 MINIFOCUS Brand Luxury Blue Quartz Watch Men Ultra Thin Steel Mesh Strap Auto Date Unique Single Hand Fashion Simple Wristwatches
━━━━━━━━
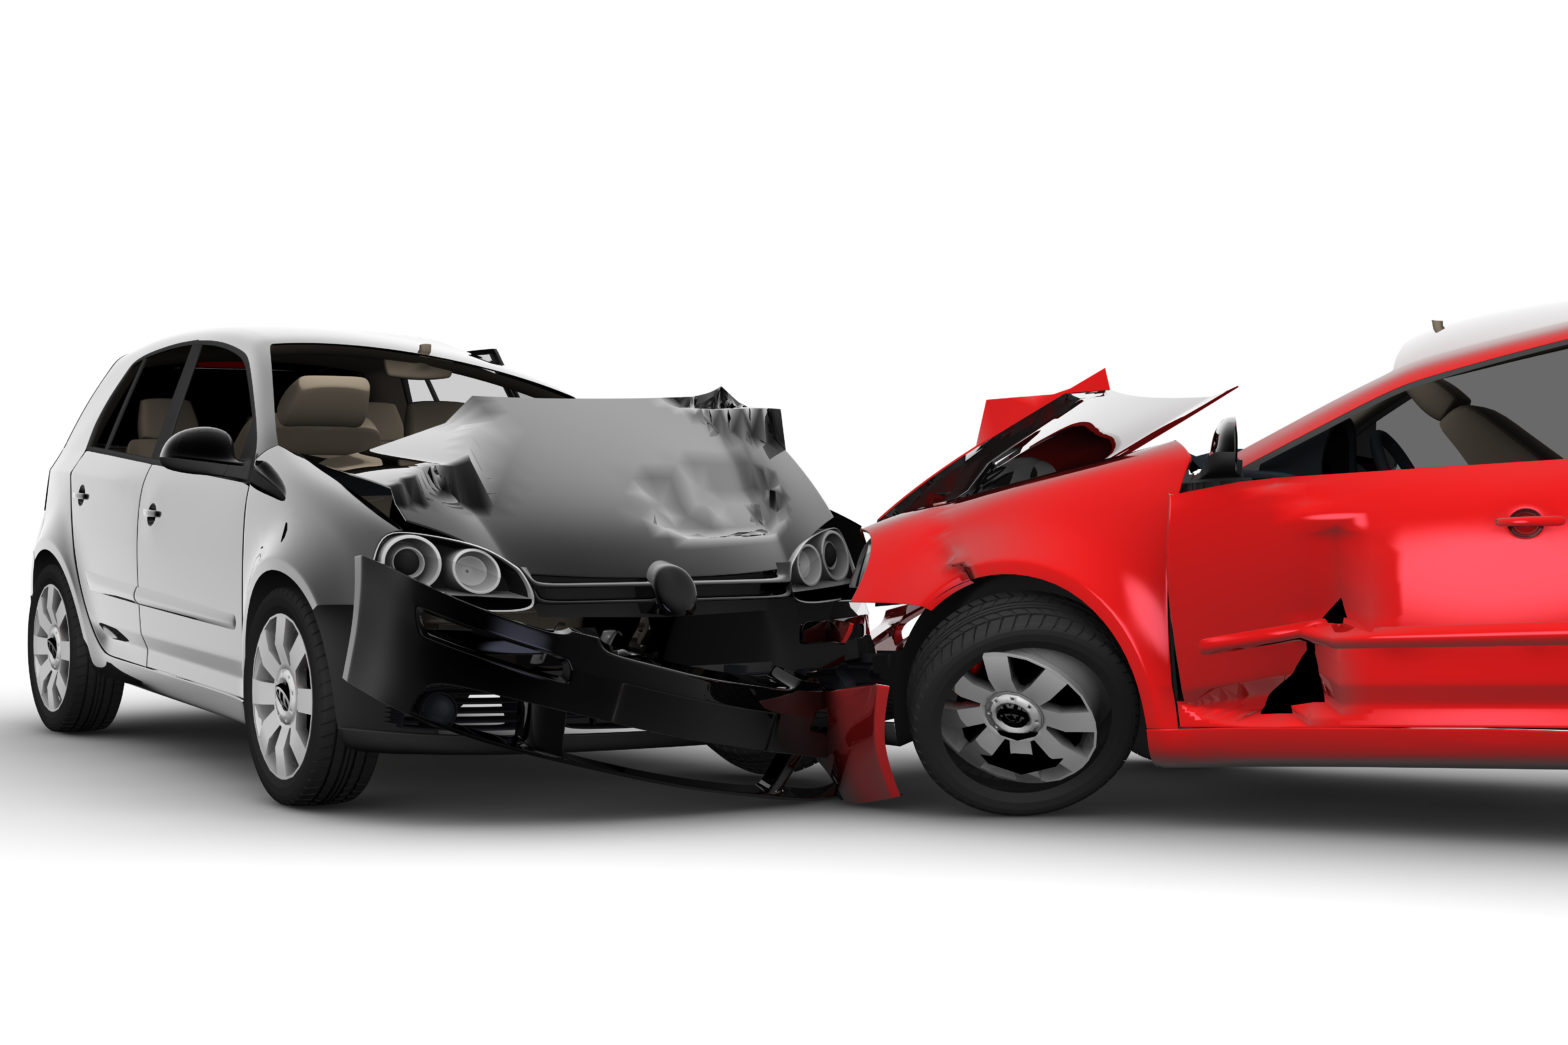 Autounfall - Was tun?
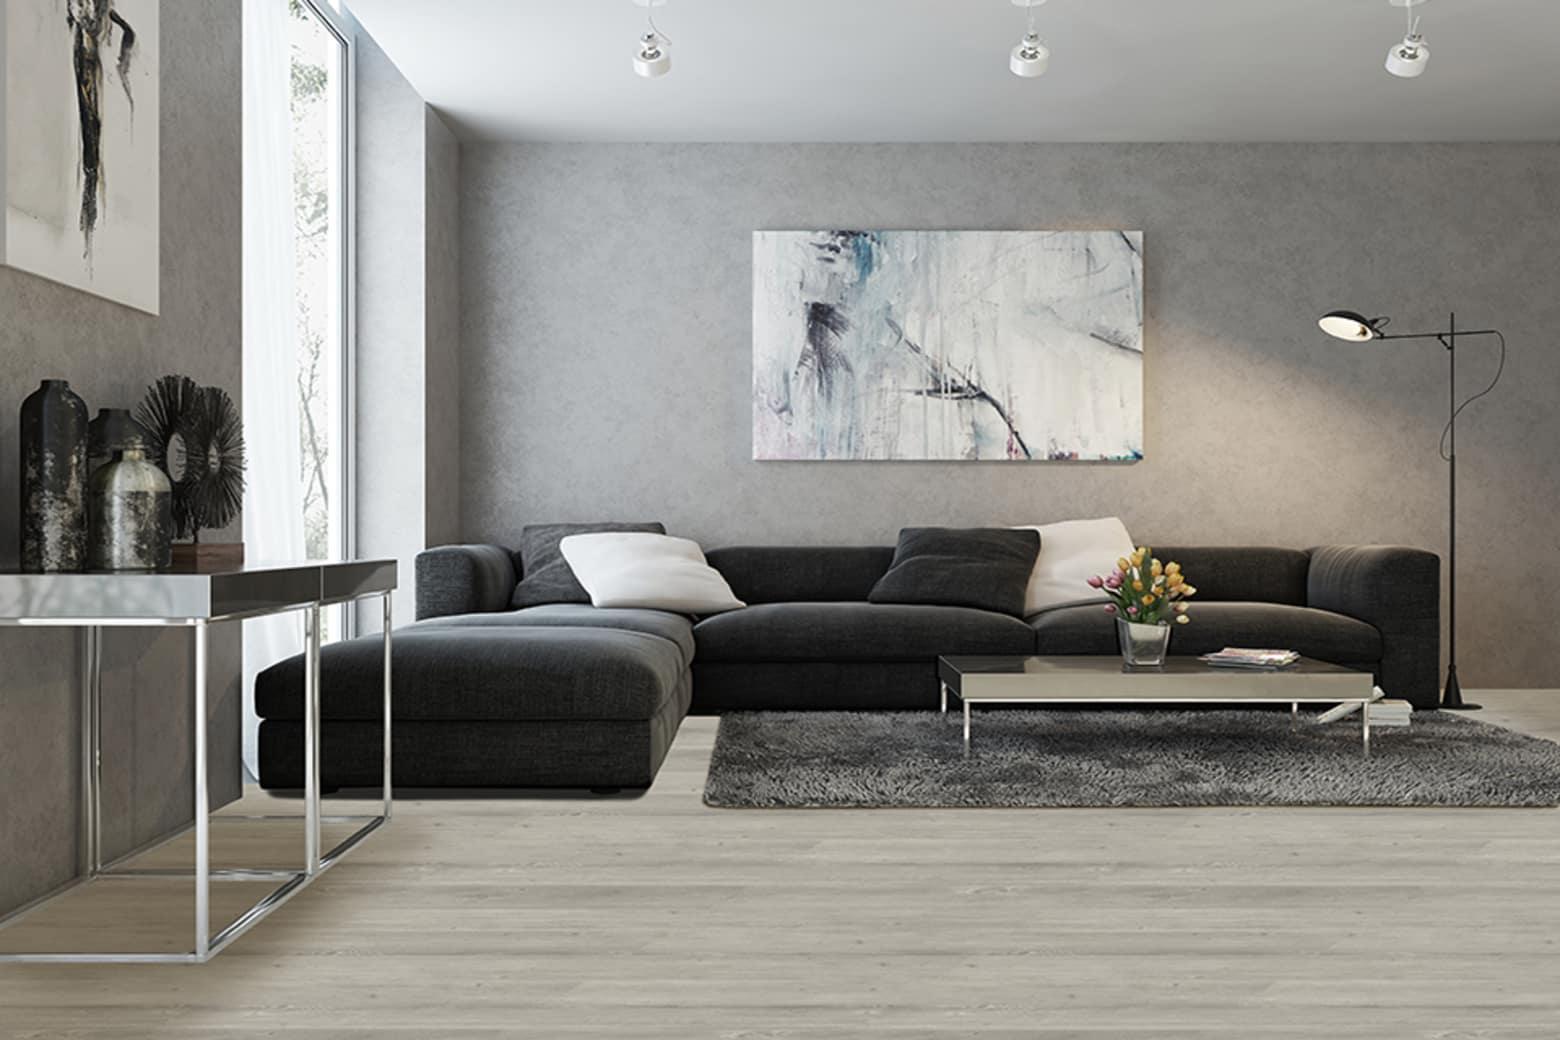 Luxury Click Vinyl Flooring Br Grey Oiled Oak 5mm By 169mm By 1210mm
━━━━━━━━
=== What you should do ===
Take only the lines above from the one that has "Autounfall - Was tun?" through the one that has "Luxury Click Vinyl" and reproduce them exactly, omitting any pictures.

=== Response to the exercise ===
 Autounfall - Was tun?
 Luxury Click Vinyl Flooring Br Grey Oiled Oak 5mm By 169mm By 1210mm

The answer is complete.